Cuando la información nos llega, está desfasada. Los delincuentes ya no usan el chip y eso no permite establecer el cruce telefónico inmediatamente para identificarlos. Hay personas que hasta en cinco ocasiones denuncian las amenazas por la exigencia del pago y cuando a los dos meses llegamos porque la empresa de telefonía nos envió la información, nos encontramos con que el denunciante fue asesinado”, expresó el investigador de la DNIC.

Sin castigo

Algo que sorprende a los propios investigadores es que, a pesar de sus esfuerzos por detener a los implicados en extorsiones, más tardan ellos en capturarlos que los jueces en dejarlos libres.
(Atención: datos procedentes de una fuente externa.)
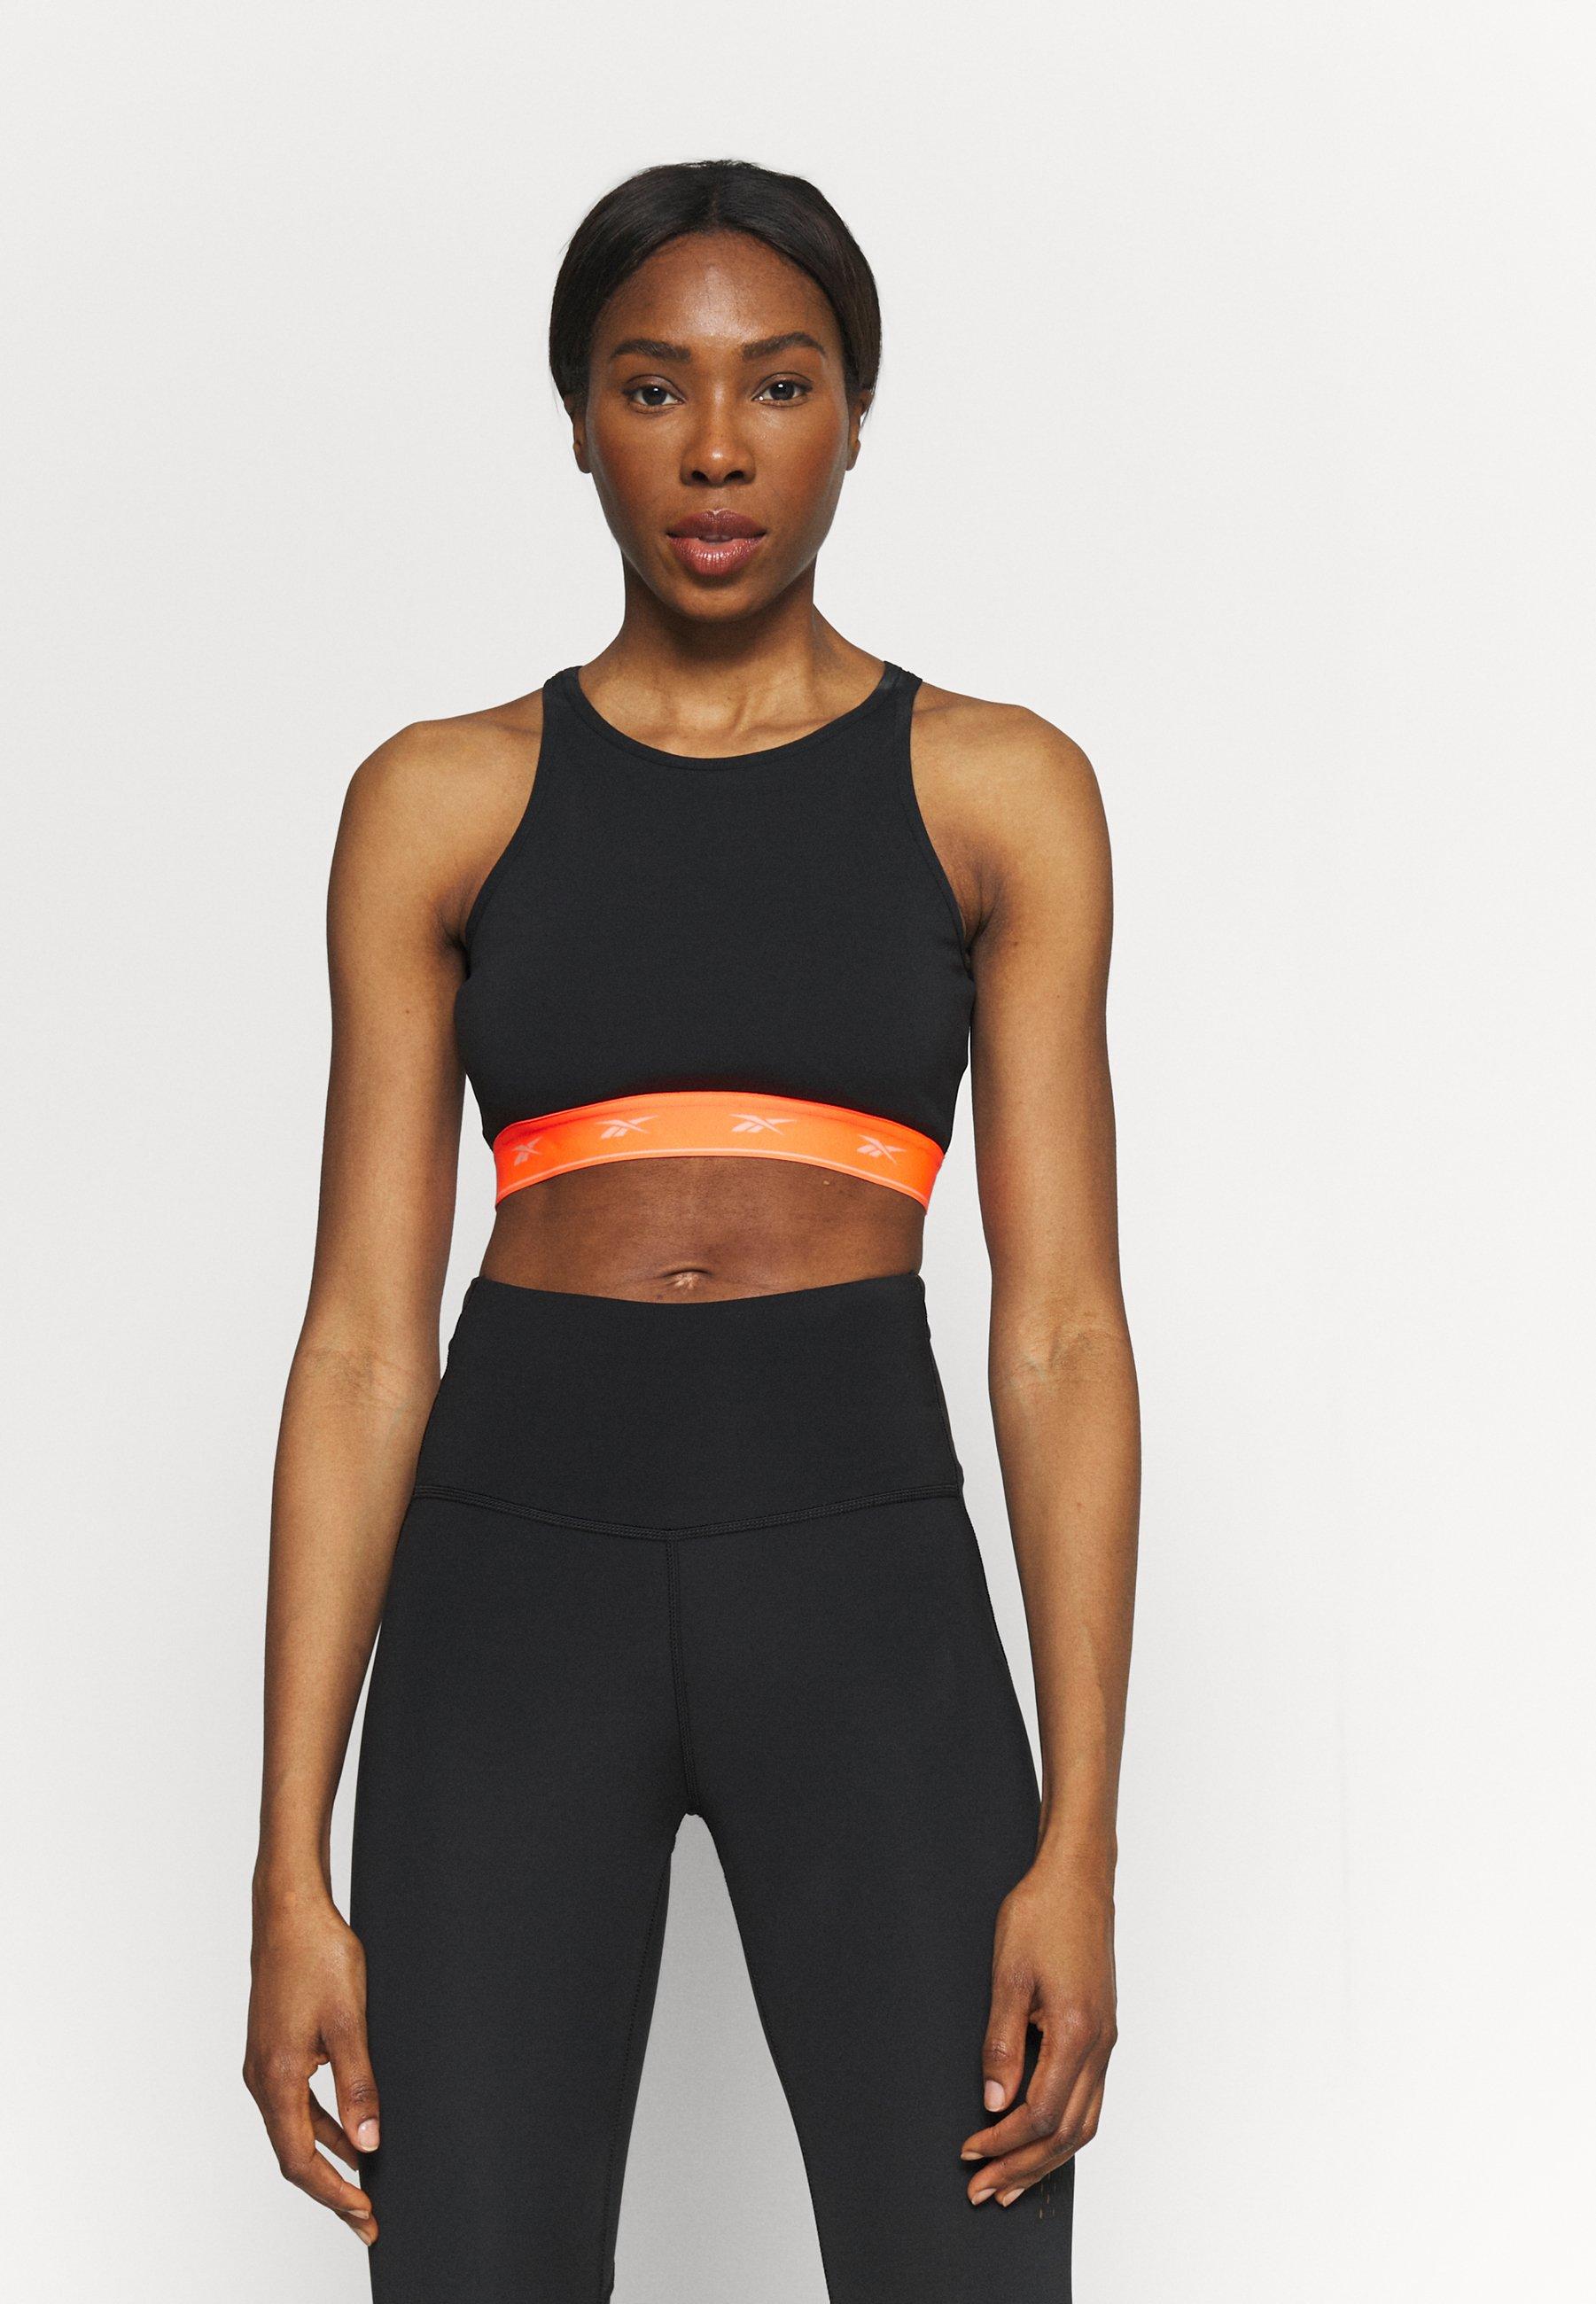 Women BEYOND THE SWEAT CROP - Medium support sports bra

En los últimos dos meses, de todas las bandas detenidas en Chamelecón, Choloma, La Lima y El Progreso, a ninguno se le ha dictado ni siquiera detención judicial, a pesar de que los agentes y fiscales aseguran que los casos son remitidos con todas las pruebas que sustentan el ilícito.

“No nos explicamos qué está pasando o cómo los jueces valoran las pruebas acreditadas en la comisión del delito. Porque sorprende que, de todos los casos que hemos remitido, a ninguno se le dictó ni detención judicial. A las 24 horas van libres.

Pero no desmayamos, seguimos trabajando para detener a los que están tras las extorsiones”, afirmó el agente de la DNIC. Los menores detenidos en la ejecución del delito son enviados a centros de rehabilitación en San Pedro Sula y Tegucigalpa, de donde muchas veces escapan y reinciden.

Los cobros

Los pandilleros tienen un listado de los buses, negocios y casas con los montos que deben cobrar de acuerdo con lo pactado. Hay un día destinado para cada sector. A veces, los propios integrantes de maras y pandillas o niños de escuelas o colegios recogen el dinero del impuesto de guerra.

En un seguimiento que las autoridades les hicieron a pandilleros en La Pradera se observó el momento en que los mareros se desplazaban para llegar a pulperías, bodegas, talleres de soldadura, ebanistería y mecánica a cobrar el impuesto de guerra.

“Las extorsiones van en aumento. Es un gran problema al que nos enfrentamos. Los pagos son semanales, quincenales y diarios. Las maras tienen un calendario donde se distribuyen días y horas en que pasan recolectando el impuesto. Muchos negocios han cerrado porque no pueden pagar la cuota que les imponen”, dijo un investigador.

El 60% de las víctimas afectadas por la extorsión, aseguran las autoridades, no denuncian el delito.